Random Xid 61 and Xorg lock-up

Nvidia can you please pull you finger out on this? How can you expect anyone to buy £1000 cards ever again when they crash their machine every few days?

It was less common for a while but I’ve had it twice in a few days. Currently on 440.82. Most recently shortly after log-in with just Firefox and VSCode open.

Apr 21 11:44:37 shinpan kernel: [ 1192.754783] NVRM: Xid (PCI:0000:0a:00): 61, pid=1843, 0cec(3098) 00000000 00000000
Apr 21 11:44:37 shinpan kernel: [ 1192.754779] NVRM: GPU Board Serial Number: 
Apr 21 11:44:37 shinpan kernel: [ 1192.754776] NVRM: GPU at PCI:0000:0a:00: GPU-5a995746-9836-2529-7692-2a9d80e4fb6c

@tarithil

Thank you for your suggestion.
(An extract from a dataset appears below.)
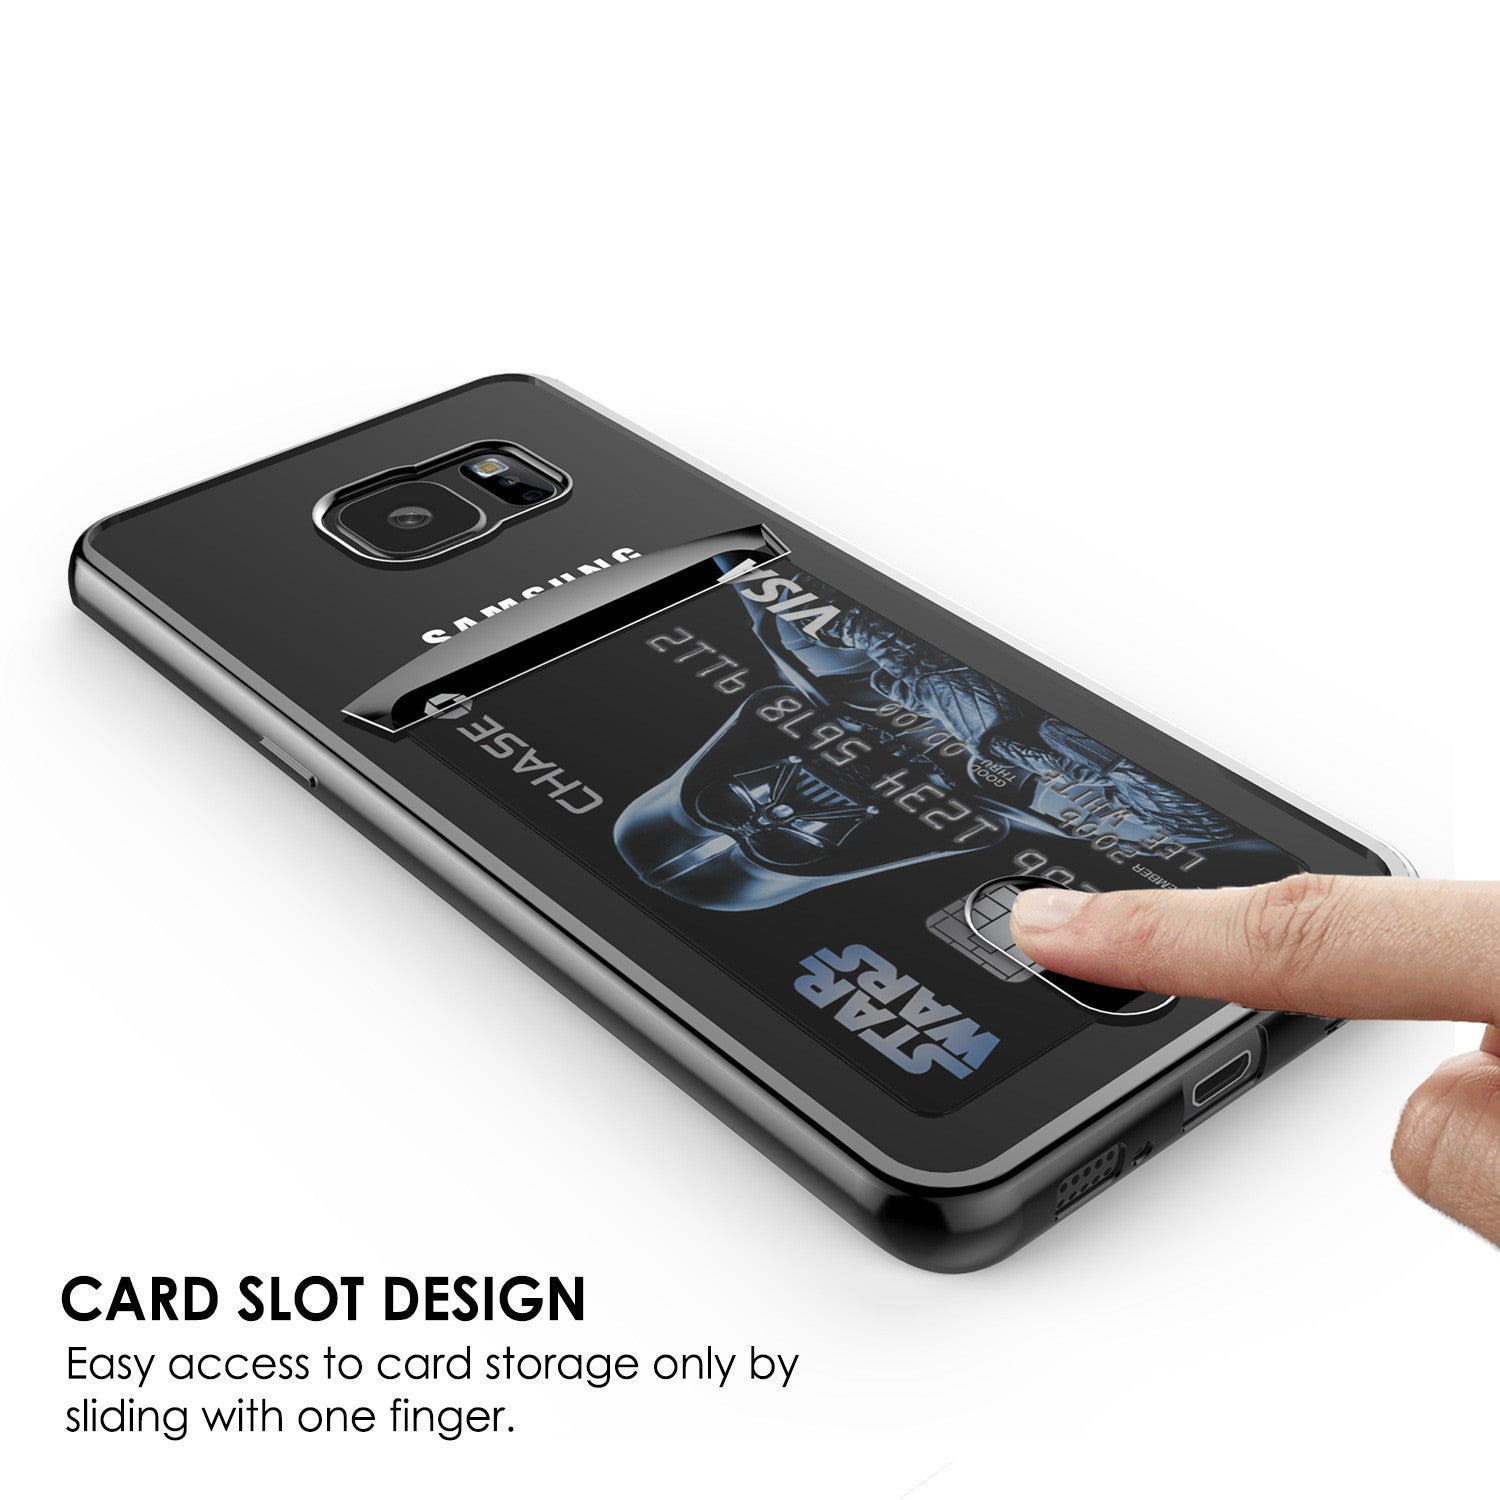 PUNKCASE - Lucid Series Premium Impact Case for Samsung S7 Edge | Black

I tried it and unfortunately, I experienced another crash today.

Hi All,

Apologize for the slow response.
Please allow us some more time as I do not have setup (X570 + RTX GPU) handy and due to lock-down, I am not able to configure it.
As soon as lockdown is over, I will prepare setup and attempt for repro.
We checked logs from few users but not observed any information which points to root cause and we need local repro to take it further.

@admin8cqme did you try the following parameter instead?

rcutree.rcu_idle_gp_delay=1

Im using archlinux 5.6.6-arch1-1
nvidia card is gtx 1660
ryzen 5 2600

And I added this parameter to my other linux distributions in grub so to see how it goes.

The other thing that I’m testing is ubuntu 20.04 LTS but with no parameter at grub, so to see if they have fixed it on this new ubuntu distro.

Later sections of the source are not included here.